Ketika lampu sedikit terang, kami—para penonton yang tidak saling kenal—bahkan saling melempar senyum. Kalau mengenal, ketika sedang meluap-luap dan sudah mulai tumpah ruah, kami berpelukan. Saya memeluk beberapa kali. Juga dipeluk beberapa kali. Dan, ini bukan hanya kami. Saya melihat dua orang yang berdiri di baris paling depan berpelukan sambil berteriak. Saya rasa, kebanyakan dari kami punya kesamaan. Tidak sanggup menahan kebahagiaan sendirian. Crowd semacam ini lah yang membentuk pengalaman menonton Explosions in the Sky juga terasa beda.

Setelah panggung mendadak gelap di penghujung, dengan lampu masih sedikit redup, Munaf menutup set leaderless band ini, seperti klaim mereka—tapi band mana yang mengaku punya leader? Saya kira, Hrasky lah yang akan banyak bicara, seperti salah satu laporan konsernya  di negara asal mereka. Namun, saya harus mematahkan asumsi yang kurang berdasar. Munaf bilang terima kasih dan senang bisa main di Singapura, juga crowd yang menyenangkan. Standar omongan musisi yang lihai membuat senang penonton. Padahal, itu bisa jadi sudah template. Set juga dibukasetelah Unknown Mortal Orchestra bermain sebagai band pembuka—oleh Munaf yang mengenakan kaus. Ya, malam itu, mereka semua pakai kaus. Konon, di konser-konser lain, mereka juga biasa pakai kaus. Kadang, mereka pakai kemeja polos atau kotak-kotak.

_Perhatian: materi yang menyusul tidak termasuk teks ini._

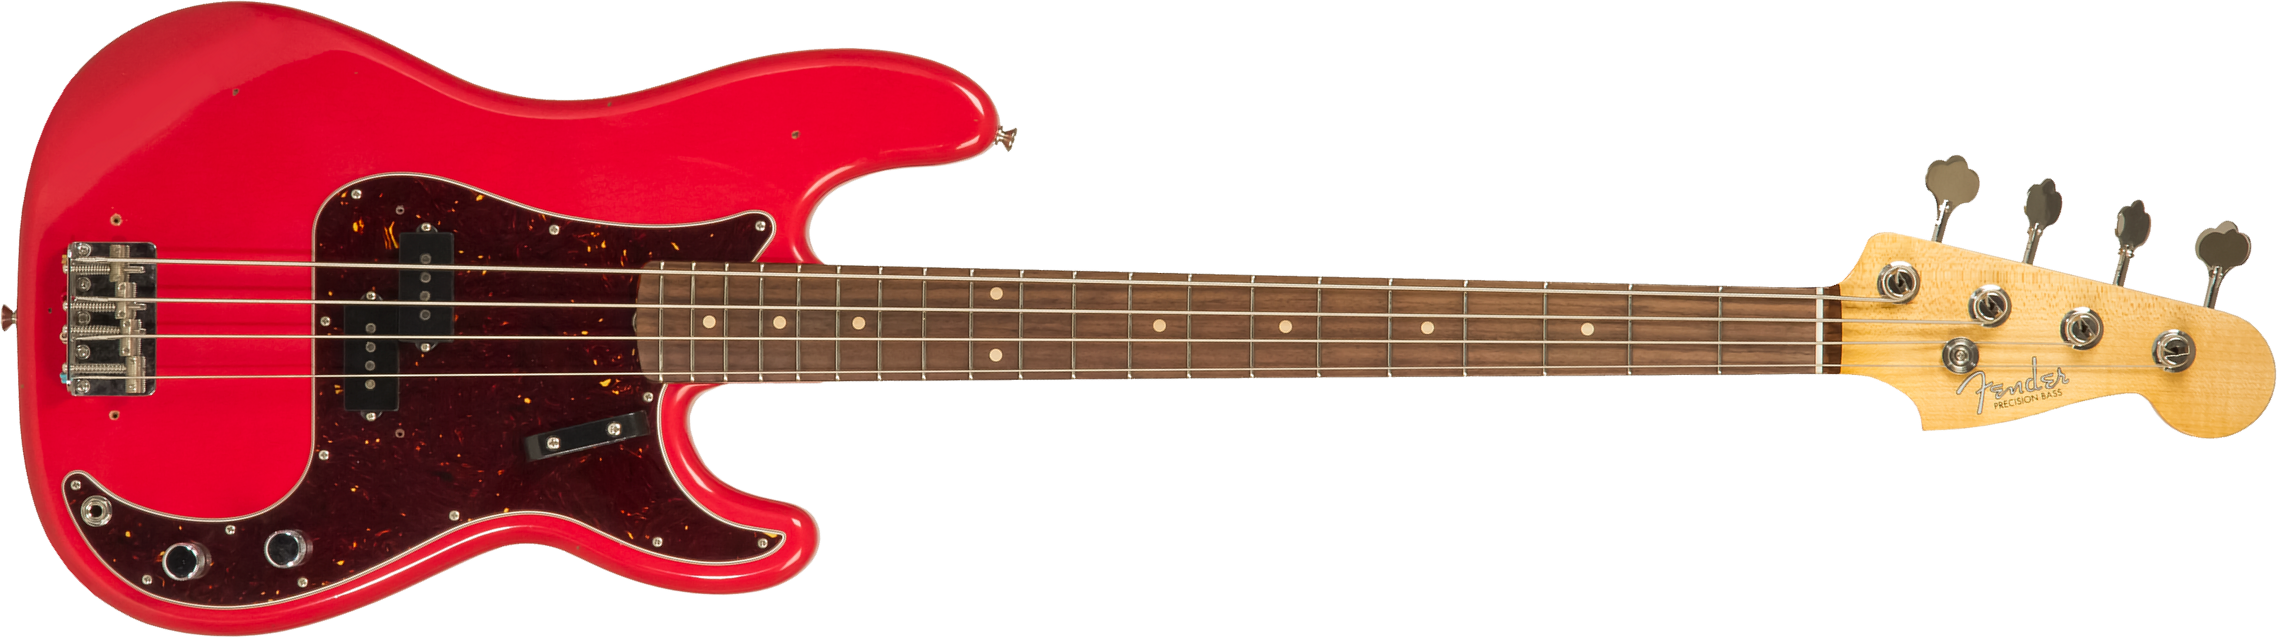 Fender Custom Shop Precision Bass 1962 Rw #r126357 - Journeyman Relic Fiesta Red - Bajo eléctrico de cuerpo sólido - Main picture
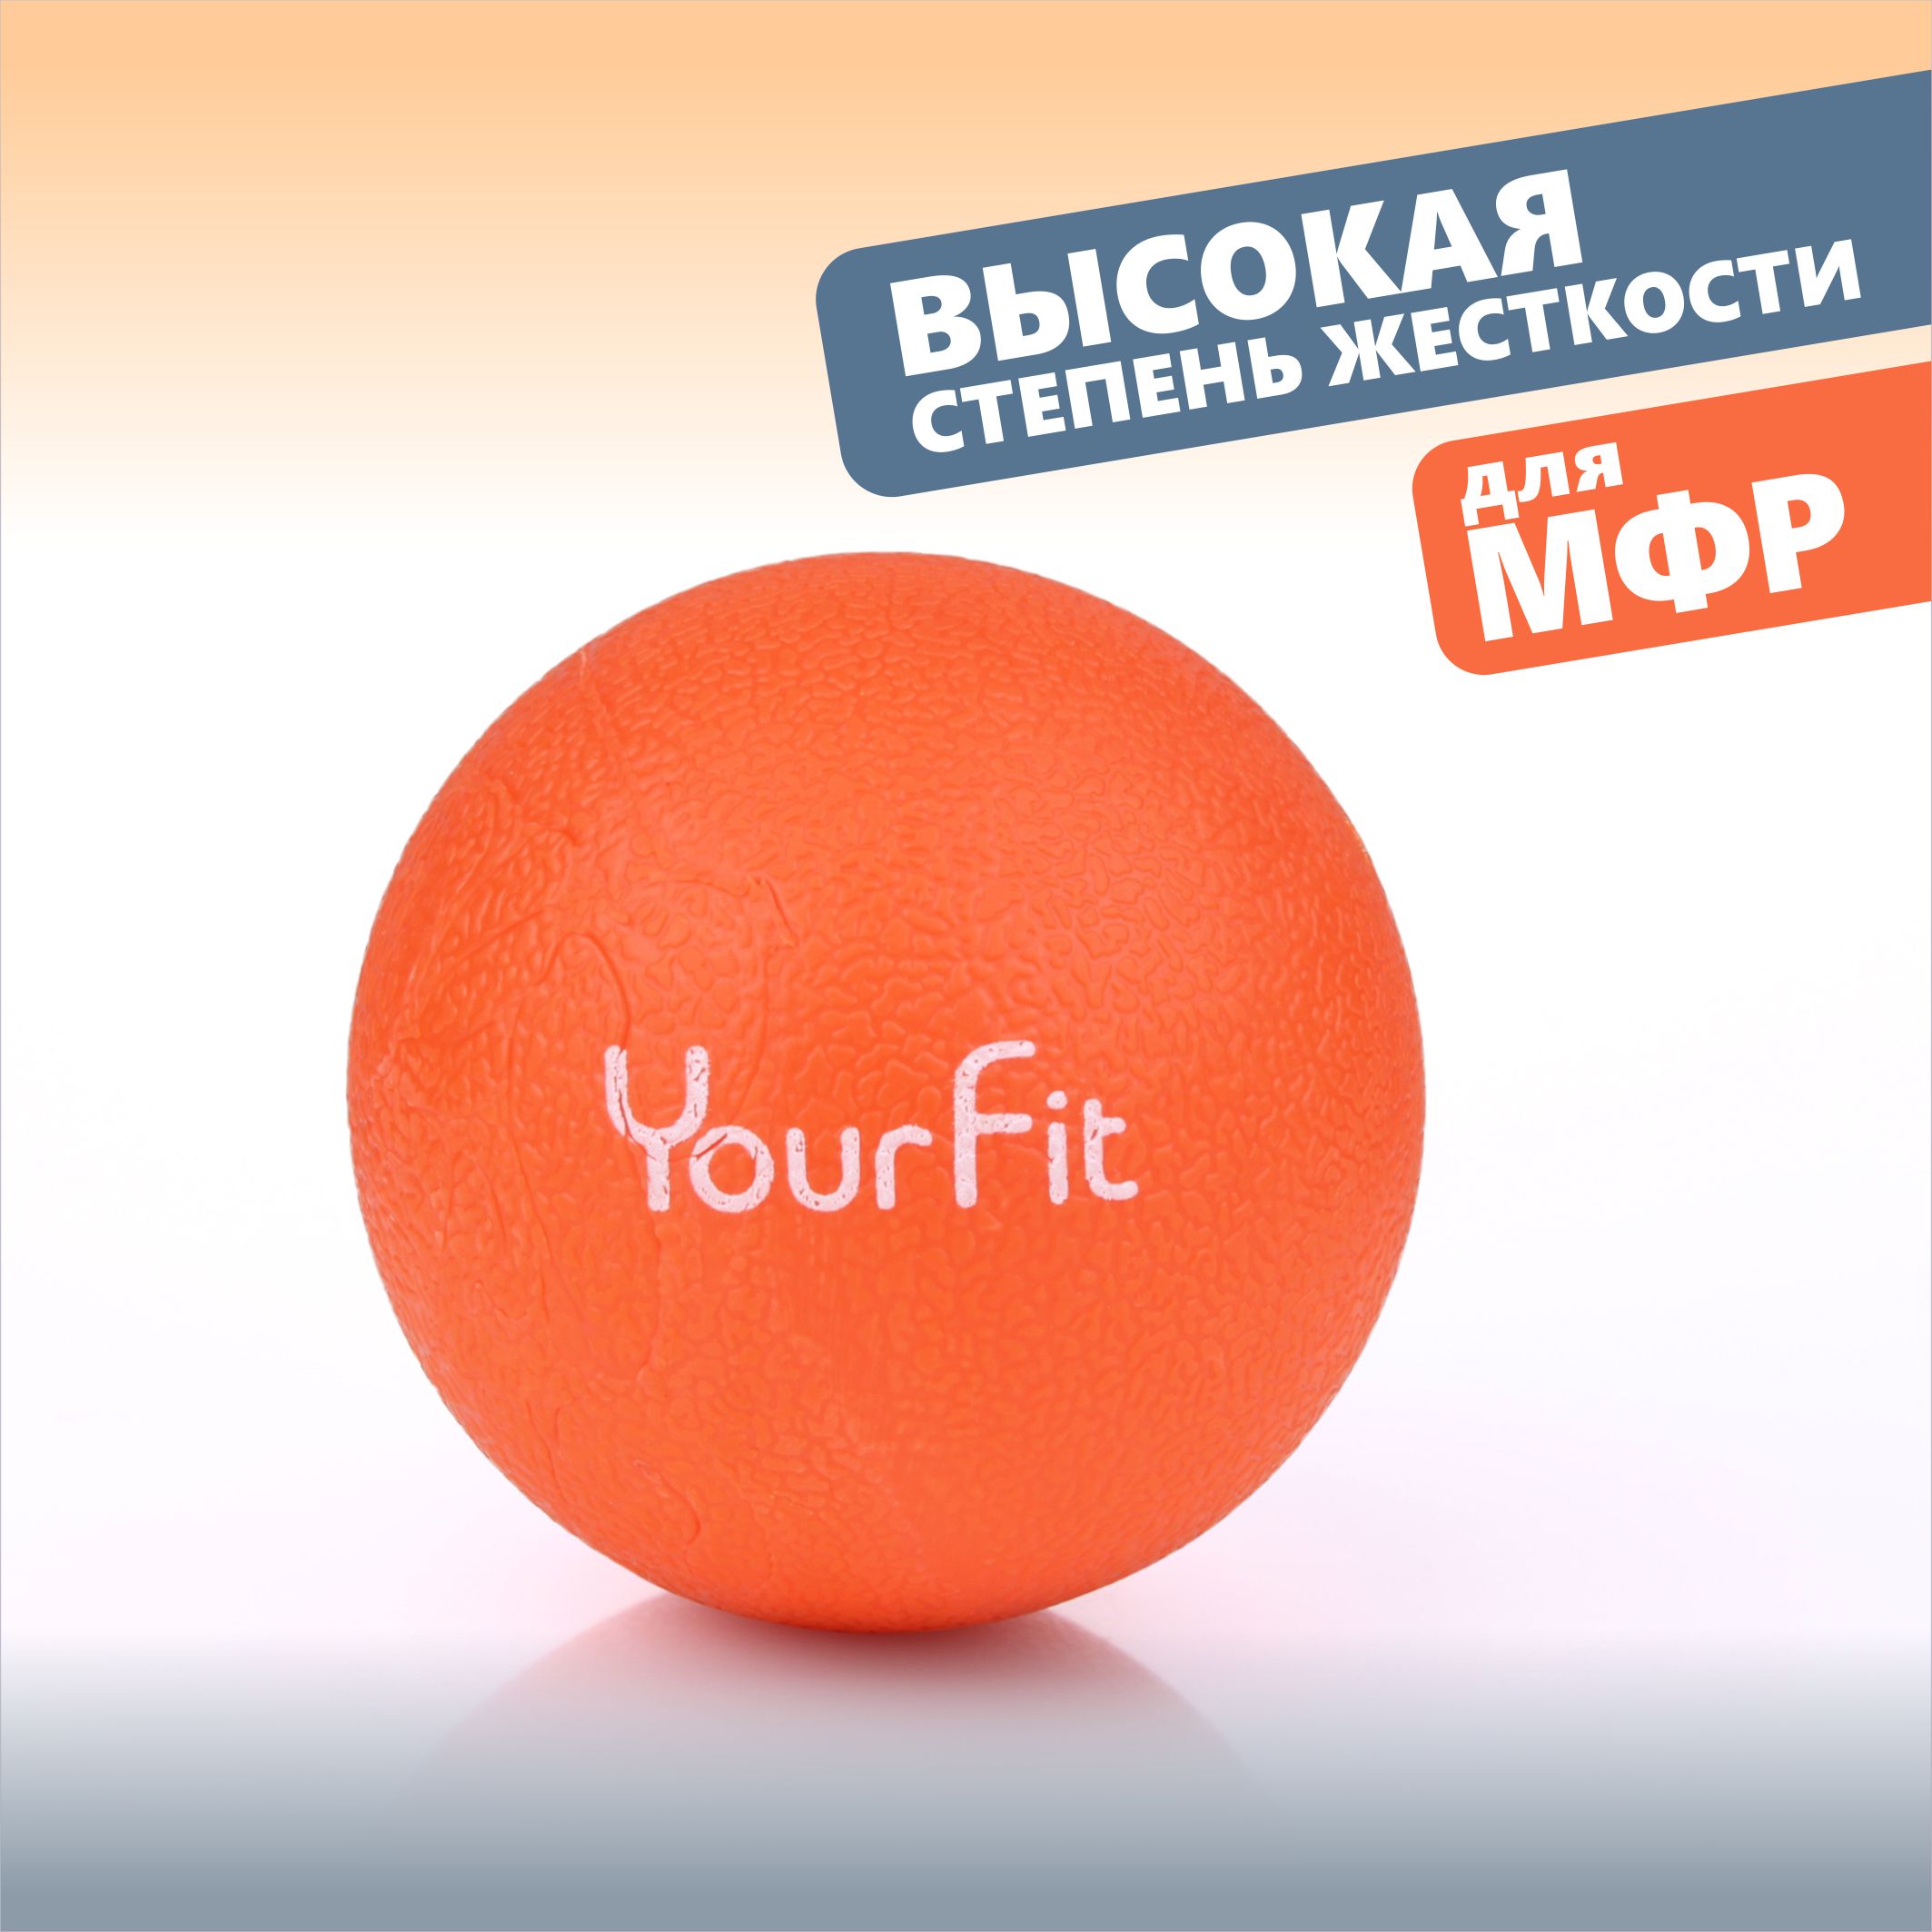 Массажный мяч YourFit ролик для мфр массажа оранжевый 6 см

Kalau diingat-ingat, perkenalan saya dengan Explosions in the Sky dimulai sekitar 2004 melalui lagu-lagu yang dibuat setelah tur mereka: “Day 1” sampai “Day 6”. Saya jatuh cinta karena ketukan drum-nya. Hrasky lah yang saya perhatikan sejak awal. “Day 6” adalah favorit saya. Malam itu, mereka sama sekali tidak memainkan lagu-lagu dari album itu. Saya tidak apa-apa sama sekali. Begitu saja sudah cukup. Kalau sudah cukup, kenapa harus ditambah lagi? Saya belajar dari Explosions in the Sky soal cukup yang kadang masih belum bisa dijalankan dengan baik. Yang penting, belajar dulu. Padahal, di album itu, ada “Day 3” yang merupakan satu-satunya lagu mereka yang ada orang berbicara—dari yang sudah pernah saya dengar. Apa bisa disebut lirik? Saya kira tidak. Itu lebih terdengar mereka sedang bertukar cerita tentang tur mereka dan memutuskan untuk memasukkannya dalam satu lagu itu. Kata teman saya, di Kaskus, ada satu orang yang menyalin percakapan mereka. Saya sendiri belum cek.

Explosion in the Sky memang hanya bicara melalui judul dan instrumen musik. Tapi, cukup. Begitu saja, dada saya terlalu penuh. Mungkin benar, saya tidak tahu bagaimana caranya mengatasi kebahagiaan. Dan, malam itu, saya bahagia sekali.